31 October 2008, Halloween: Dancing On The Grave of Capitalism was supposed to be an event of partying and a light-hearted dig at the capitalist system. Instead it turned into a re-run of the March On The City, a wrestling match between anti-capitalist protestors and police, only this time it was colder, darker and with less people.
The interaction of the Metropolitan police units and the Canary Wharf private security seemed to kill the party atmosphere immediately, and the event, scheduled to last till “late”, was all over by 7pm.
Canary Wharf security also saw fit to obstruct, abuse human rights and even assault journalists trying to cover the event.
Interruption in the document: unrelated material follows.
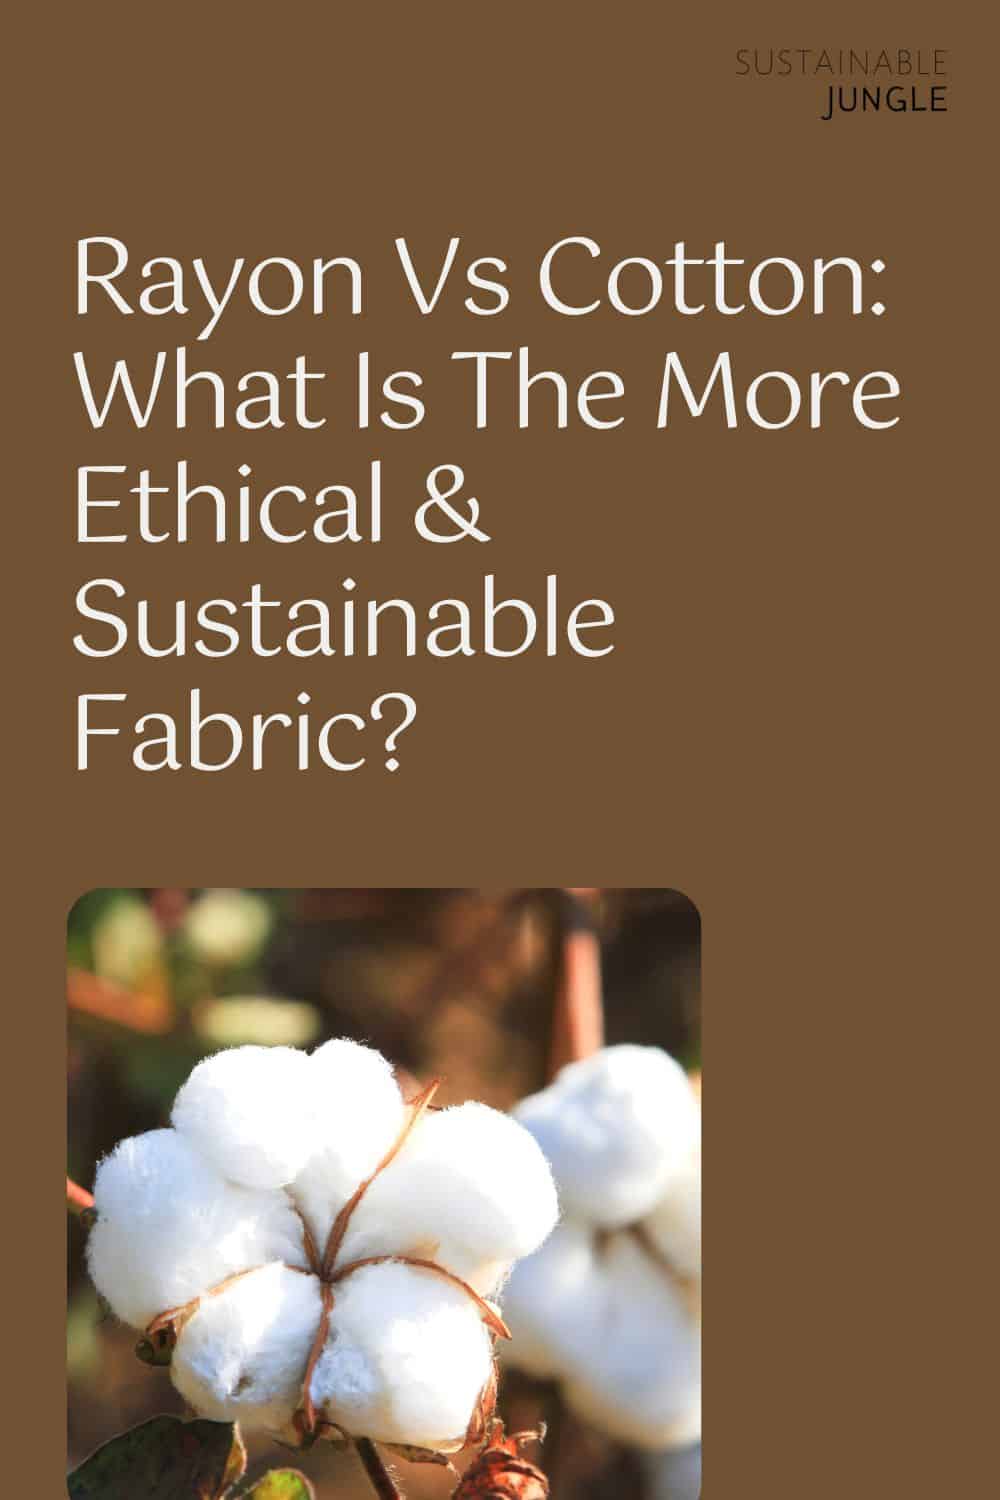 Rayon vs Cotton: What is the Difference Between the Two Popular Materials? Image by PeteMuller via Getty Images Signature on Canva Pro #rayonvscotton #cottonvsrayon #rayonfabricvscotton #bamboorayonvscotton #rayonvspolystervscotton #sustainablejungle

Other than that the only joy seemed to be various chants, which I failed to capture on film, but wished I had.
Protestors: “Whose streets? Our streets.”
City workers: “No they’re not. They’re our streets.”
Protestors: “The workers united will never be defeated.”
Police officer pushing them back: “Yes you will.”
The true fact of the matter is unfortunately, and in the context of what has arisen in the massing of public opposition to the £500 billion bailout, the police officer appears to be right – at the moment.
As the party, protest – call it what you want – capitalism is not dead. And there is no grave to dance on. Capitalism and all its dirty dealings and deeds just got unconditional bail. Bailed by us. The only hole in the ground is where the UK taxpayer’s money used to be.
Capitalism did not die on Black Friday, just as equally as the failing bailout banks did not get nationalised.